Дело быстро развернули. Кто хочет увидеть, как на воздух лужу будут поднимать вместе с массаракшем и последними самими свежими покойниками – выходи и смотри! Но за просмотр денежка, а остальным в хрычевне сидеть при занавешенных окнах. Для этого дела даже окна досками заложили, благо нашлись такие – но это не потому, чтобы не подглядывали, а чтобы не побило.
Получилось даже лучше, чем расписывали. Когда жахнуло, массаракш вылетел даже не на полкорпуса – весь показался, во всей своей оглушенной красе. Бригадир его влет взял – перевернуло и отбросило, очень красиво получилось, празднично. А то, что всех с ног до головы дерьмом лужным забросало, так на это даже не обижались, теплой воды с хрычевни принесли и, кто хотел, обмылся. Не бесплатно, конечно.

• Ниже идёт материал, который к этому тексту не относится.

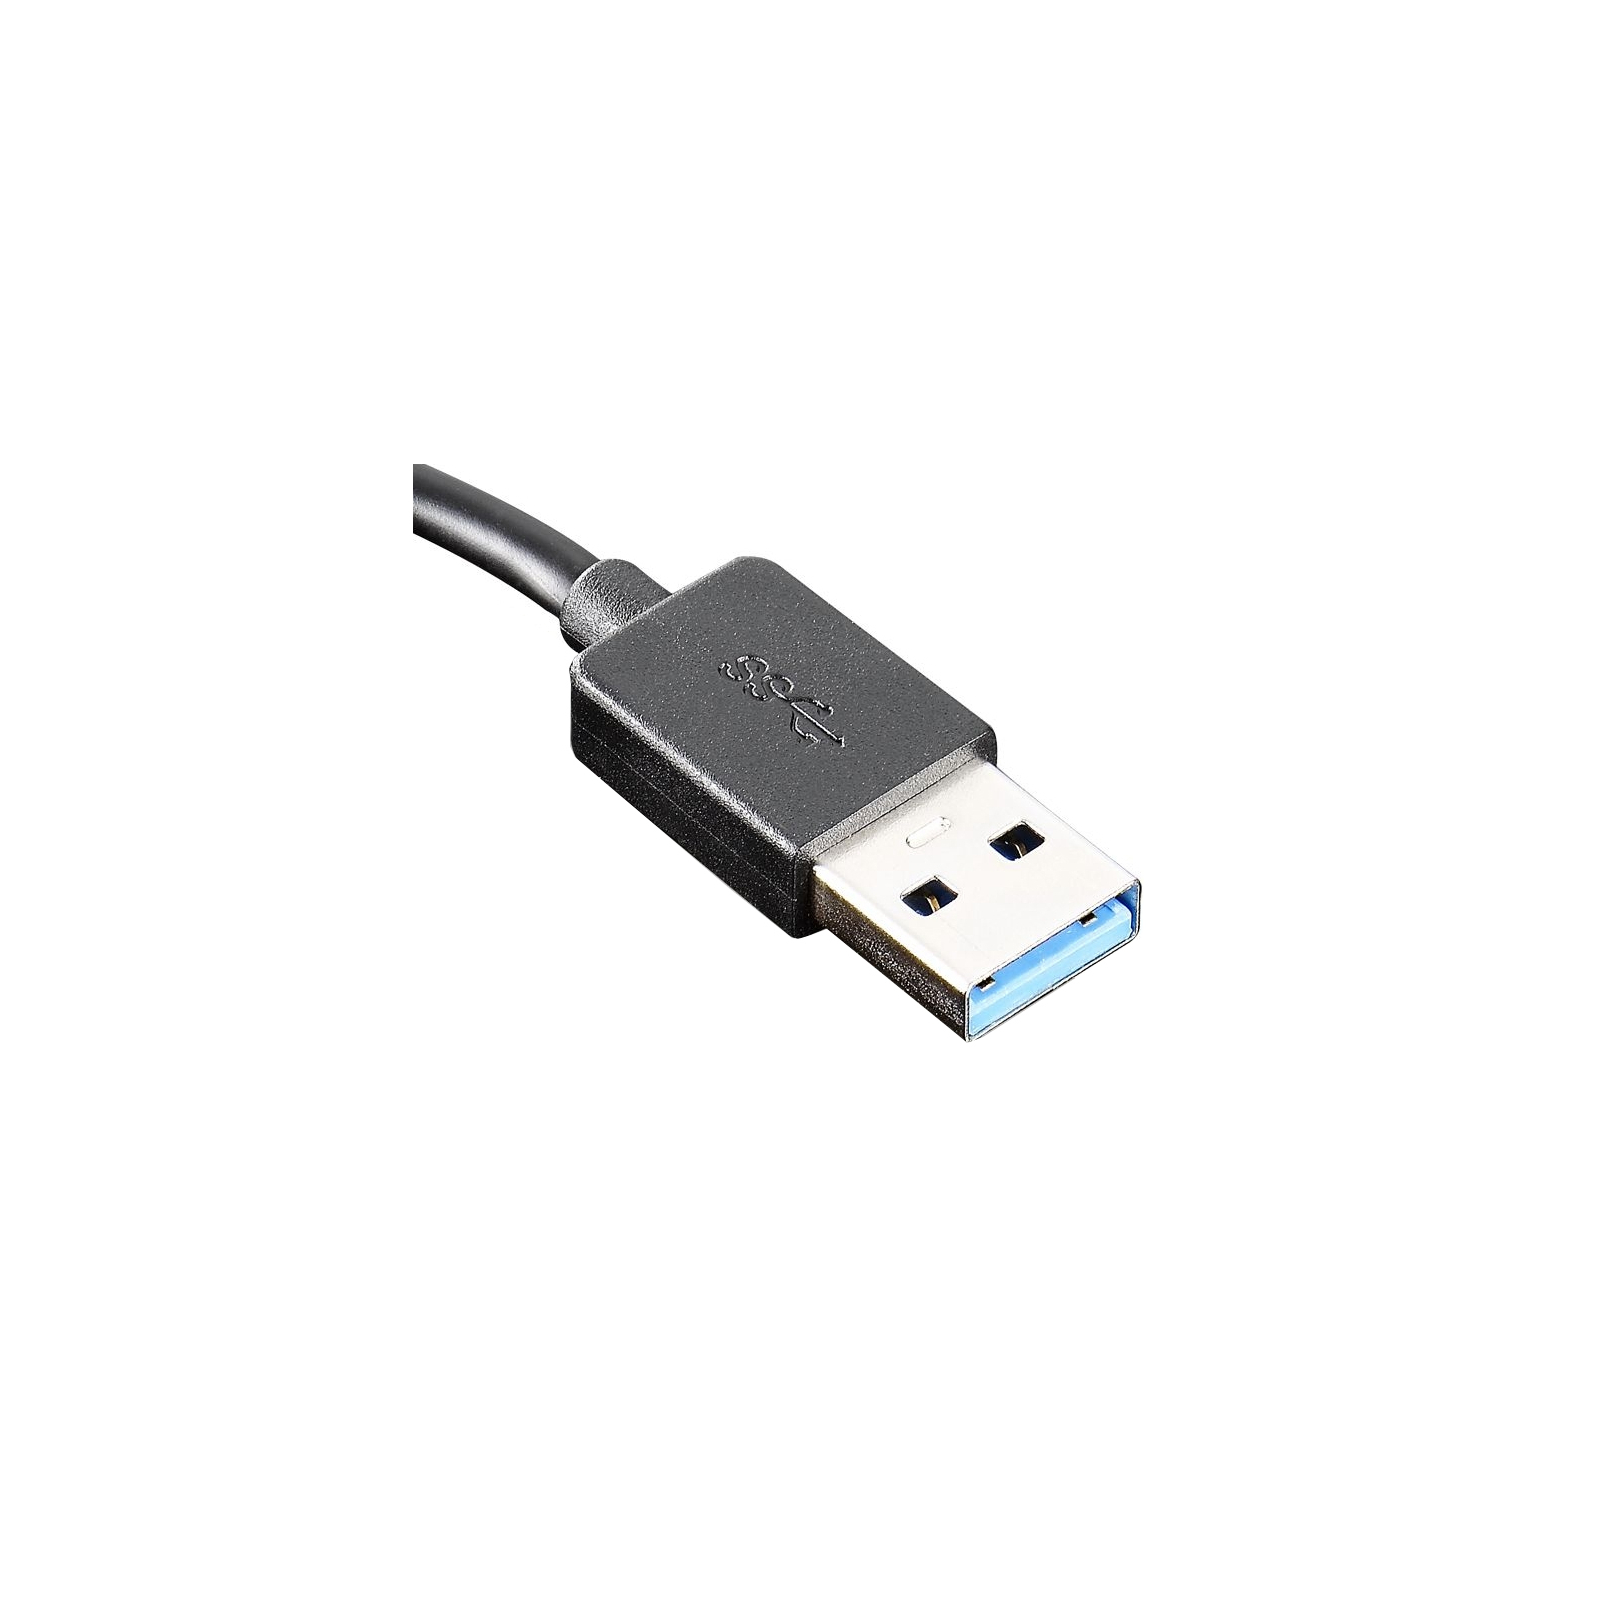 Перехідник Lenovo ThinkPad USB 3.0 Ethernet Adapter (4X90E51405) зображення 3
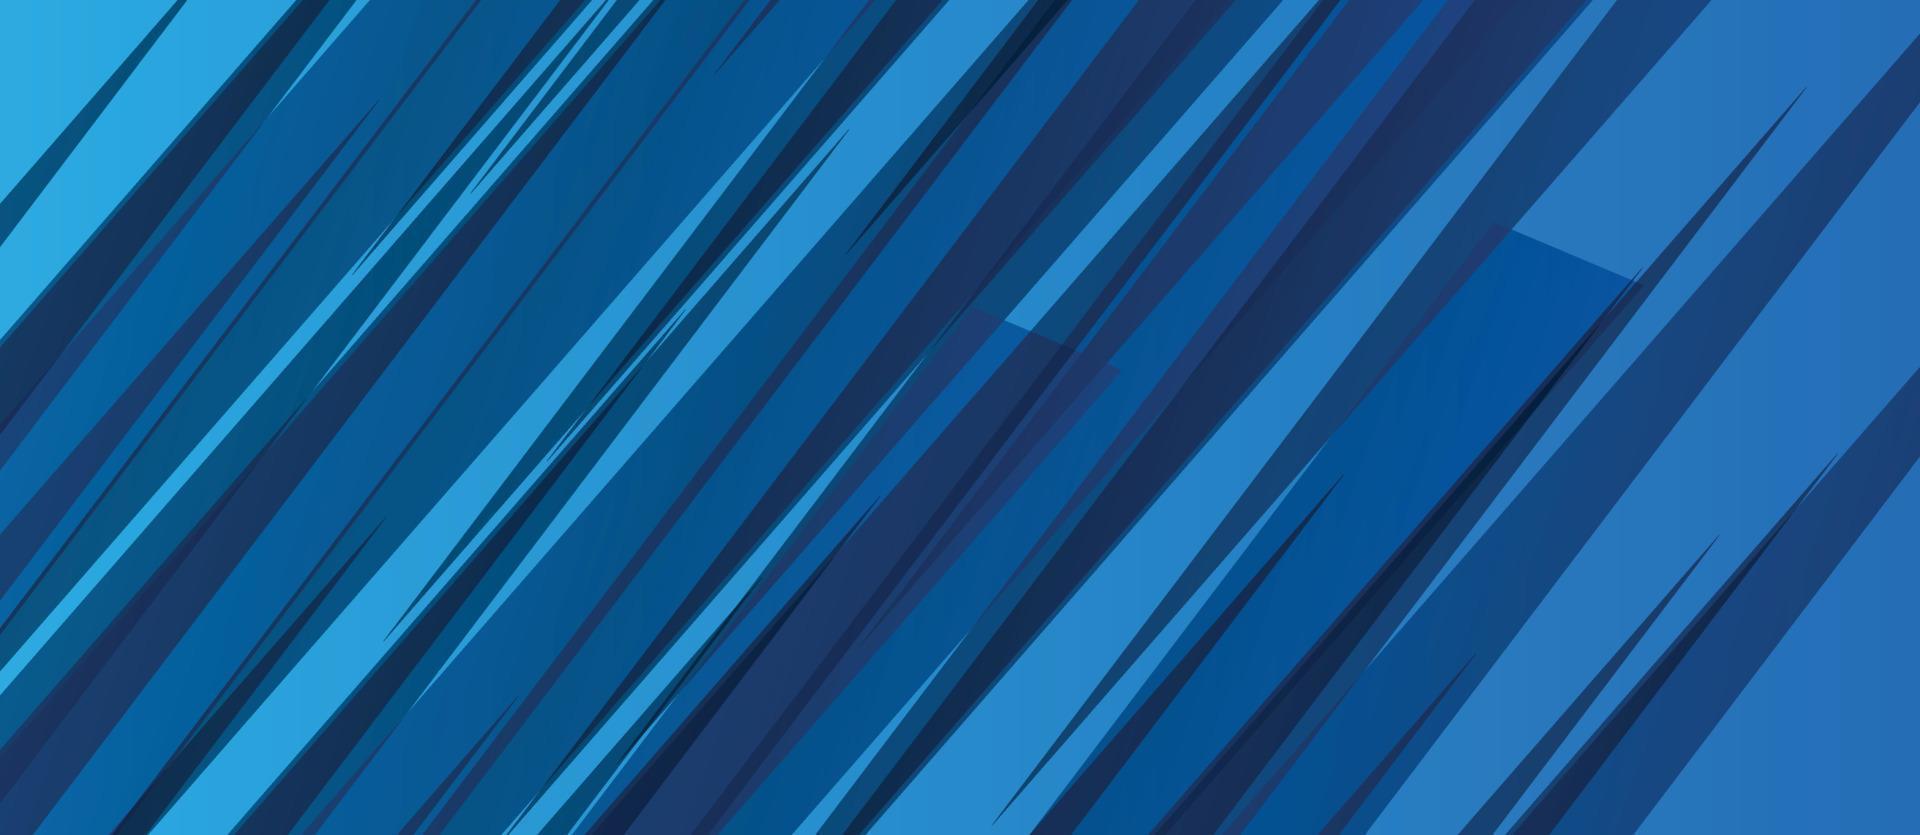 fond de rayons de ligne bleue abstraite vecteur

Удивлялись только – куда покойники делись? И Бригадир удивлялся, но потом решили, что их в дно вбило, что заряд между ними и массаракшем лег каким-то дурным-чудесным образом. Ну и хорошо – уборки меньше.
Теперь оставалось только лунохода ждать от Смотрящего. И Бригадир, как рубль из деревяхи вынул, с чистой совестью взялся допивать, что недопил. Но Отрезвлянту велел сидеть рядом, на расстоянии полумаха, и, по прибывшим по его душу, либо уже по самому позднему утру, как бы он, Бригадир, не сопротивлялся, а протрезвлять по самой полной (если понадобится, даже и связать). И Венику-вышибале в том ему способствовать. Договорился через Хрычмастера, чтобы помогал он Отрезвлянту – ломал кайф. И чтобы не отпускали его сразу, потому как он, резко протрезвевший буйный становится, но держали его, Бригадира, мягко, чтобы не повредился. И чтобы не разбегаться никому, когда на ноги поставят, оптовый заказ будет от Смотрящего – протрезвлять всех, кого той ночью луноходом соберут – бумаги надо будет подписать на добровольное волонтерство. Для того вытрезвлять в два этапа: первый руки, чтобы двигать мог, а отмахиваться – нет. Второй – ноги, чтобы дотопали, куда укажут. А голову можно не протрезвлять. Но Отрезвлянту, Венику, да и Хрычмастеру со своим заработанным лучше, на всякий случай, хрычевню закрыть на санитарный день и ждать, пока бригада из города свалит. Поскольку волонтеры своими контрактами очень недовольны бывают, обвиноватят и разорвут на сувениры. Но справятся, Смотрящий в обиду не даст, а, напротив, возьмет под тень своей руки – налоговики на какое-то время дорогу забудут. Пусть только денек сами продержатся. Как снарядят, выведут контрактников из города, можно вылазить и шиковать.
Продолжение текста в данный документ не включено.